Алексей Юрчак: О пользе бессмысленности | Большие Идеи

・ Экономика

Алексей Юрчак: О
пользе бессмысленности

Как понять, что прошлое ушло навсегда?

Автор: Мария Божович

Алексей Юрчак: О пользе бессмысленности

читайте также

Создаем условия для конструктивной критики

Джим Уайтхерст

Знайте своего врага: кто мешает продавить перспективную идею

Джон Коттер

Двенадцать советов на каждый день

Тони Шварц

Всегда готов: как настоящие лидеры побеждают кризис

Кара Франс,  Марк Бончек

Сегодня иногда кажется, что мы вновь попали в советские времена. Можно ли реставрировать ту систему? Как понять, что прошлое ушло навсегда, и как правильно его изучать, чтобы не переносить на него наши нынешние представления? Об этом рассказывает исторический антрополог, профессор Калифорнийского университета в Беркли Алексей Юрчак.

Не наблюдаете ли вы ностальгии по советскому строю?

Люди ностальгируют о разном: было больше свободного времени, чаще встречались с друзьями, дети занимались в бесплатных кружках, базовые потребности были обеспечены. Тогда материальная сторона жизни была не так важна, и потому многие могли предаваться увлечениям: ходить в походы, ездить на юг или даже пытаться решать задачи фундаментальной науки. Особого интереса к карьере не было, точнее, он не был определяющим для большинства, потому что уровень потребления зависел от должности несильно. В интеллигентском кругу карьерные амбиции многим претили. Словом, совершенно иначе было устроено общество. Делать вывод, что люди ностальгируют по советской системе и политическому авторитаризму, — по меньшей мере странно.
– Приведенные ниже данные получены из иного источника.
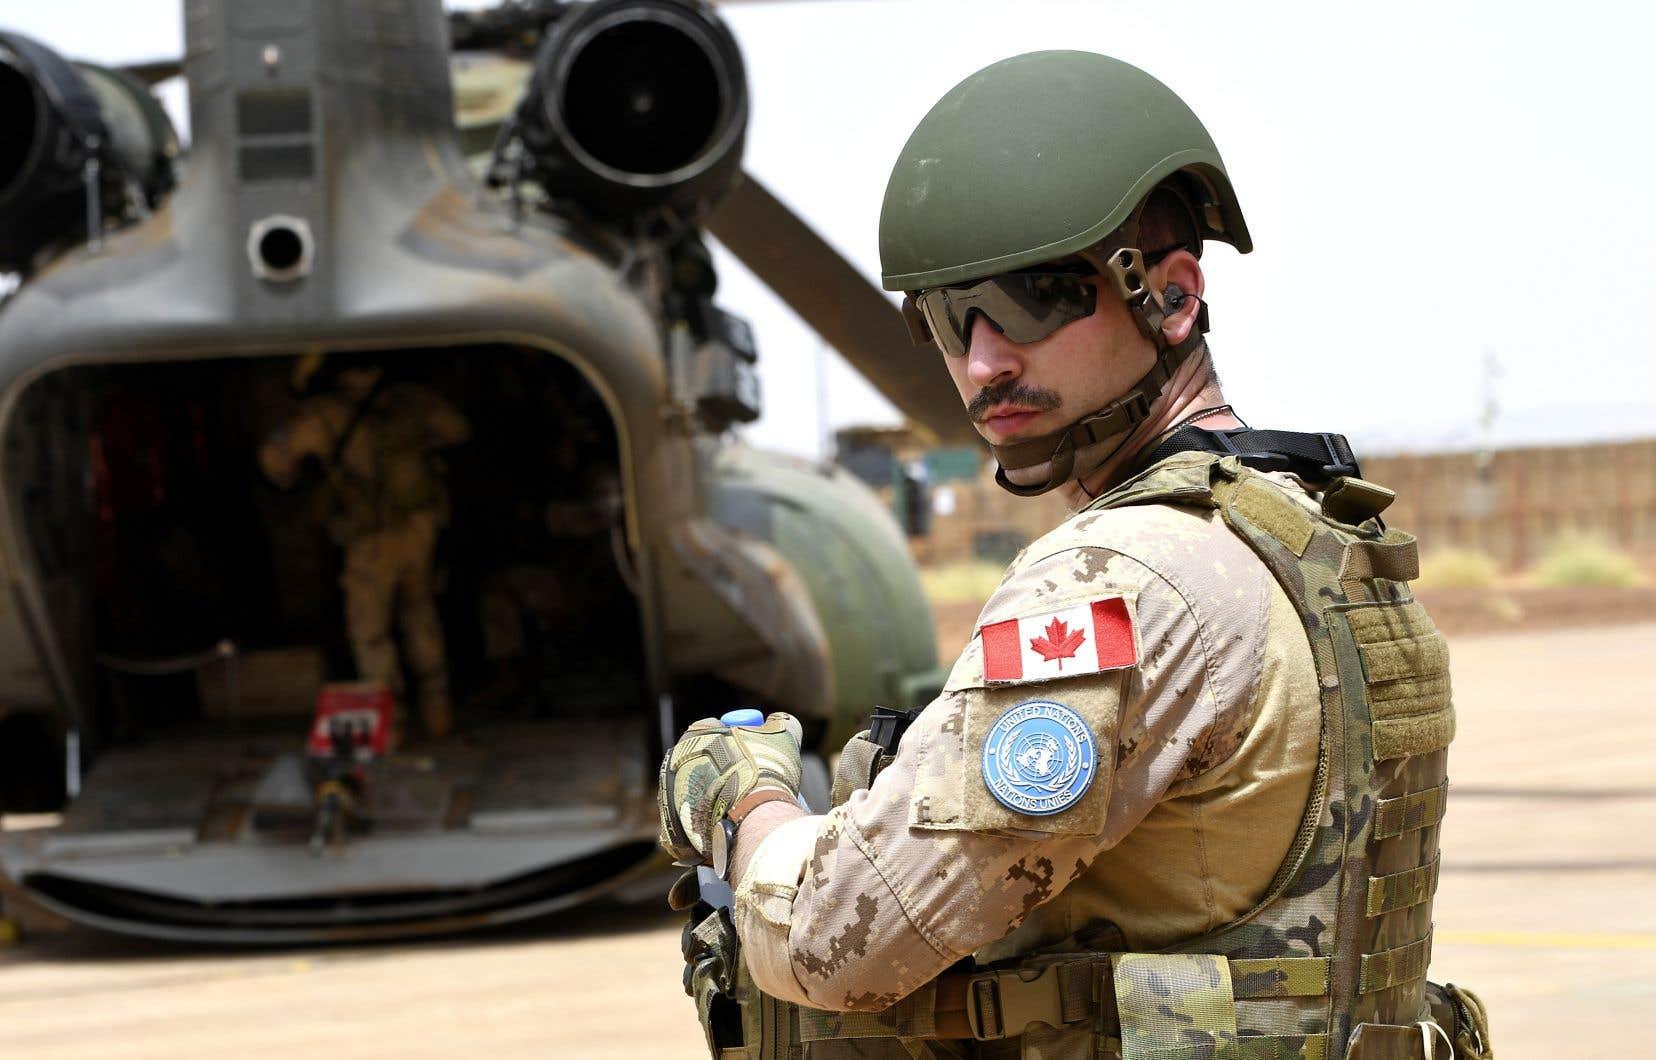 «Le gouvernement fait le choix regrettable d'investir dans l'armée plutôt que dans la solidarité internationale!», croient les auteurs.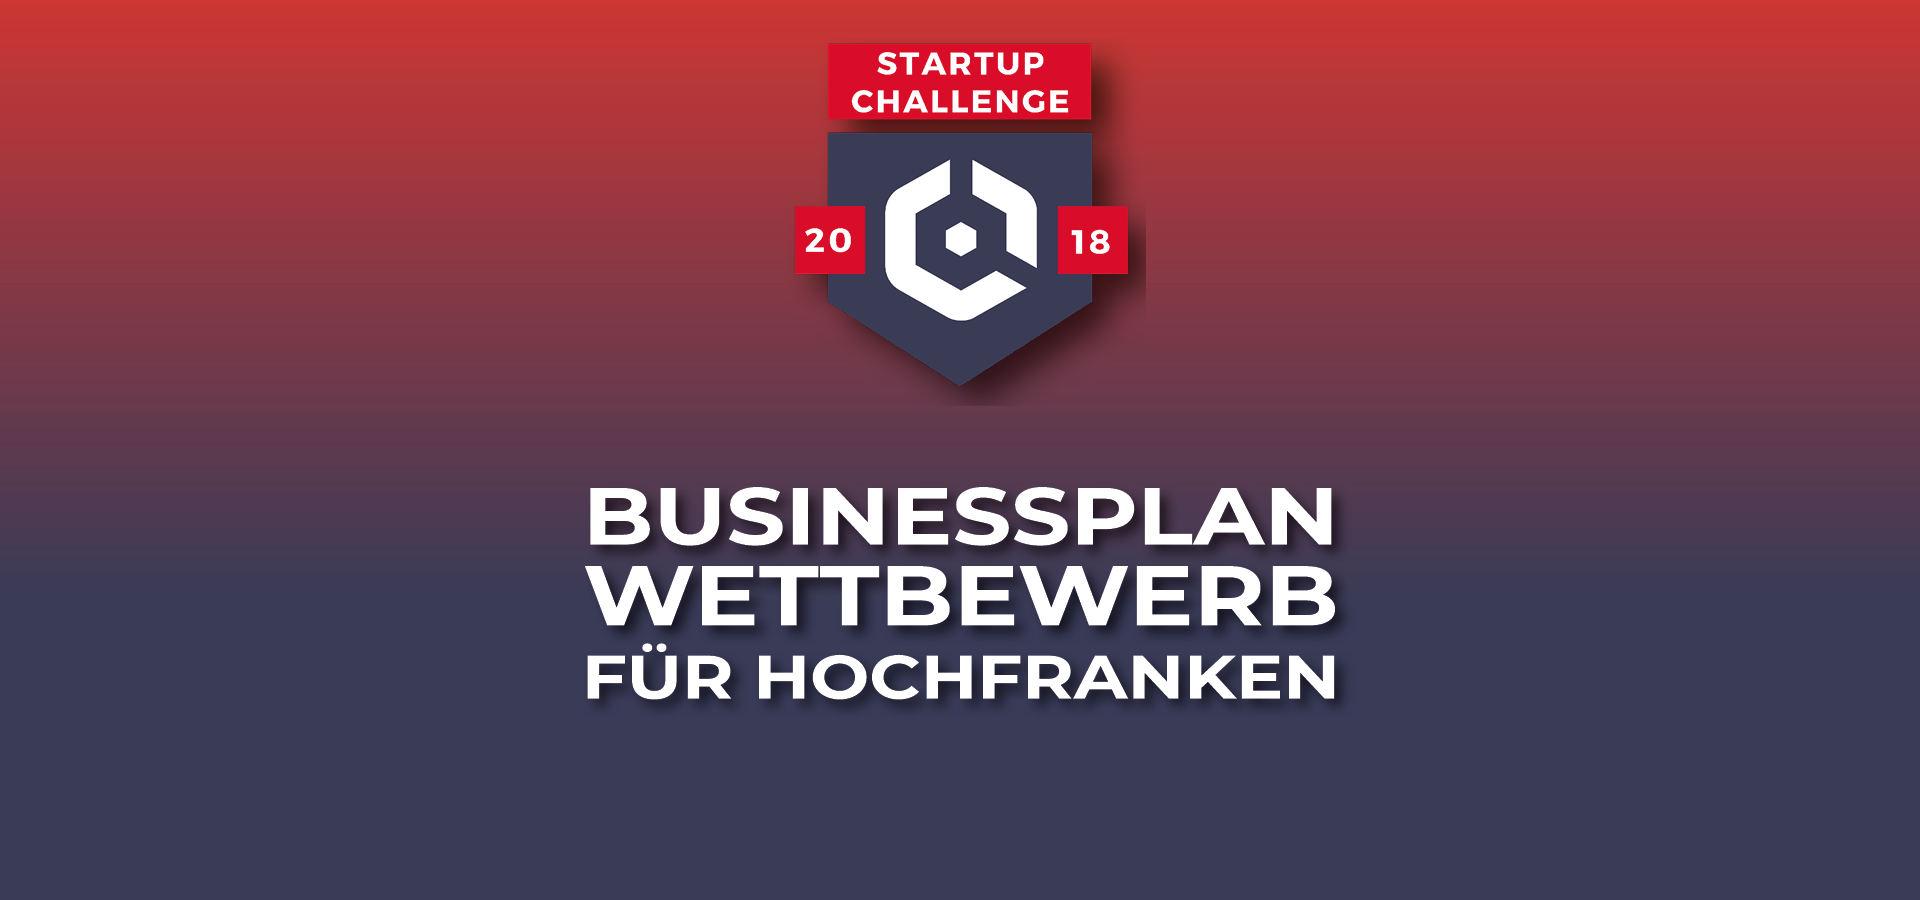 STARTUP CHALLENGE 2018 - DER BUSINESSPLAN-WETTBEWERB FÜR HOCHFRANKEN

Но ведь нынешняя власть тоже авторитарна. Возможно, это реставрация советского проекта?

Нет. То, что называют авторитарным режимом сегодня, к тому режиму отношения не имеет. Неправда, что теперешняя ситуация напоминает тогдашнюю. У нынешнего режима нет такой идеологической программы и такого видения будущего, которое пронизывало бы все. А та идеология — как к ней ни относись — имела некий нравственный оттенок и потому для многих была реальным стержнем жизни. Люди могли разделять социалистические ценности и при этом не любить власть.

Я знаю людей, которые серьезно заявляют, что в советское время было больше свободы. С ними можно согласиться?

Понимаете, сегодня я могу преподавать в Беркли, приезжать в Россию, давать Harvard Business Review интервью по-русски. Ничего подобного в советское время нельзя было себе представить. Сегодня есть публичное пространство, где можно говорить открыто. Ну да, телеканал «Дождь» многие кабельные операторы исключили из своих списков, но тем не менее он существует, работает. Но в чем-то другом свободы меньше — сейчас мало кто скажет, что занимается чем-то для себя интересным.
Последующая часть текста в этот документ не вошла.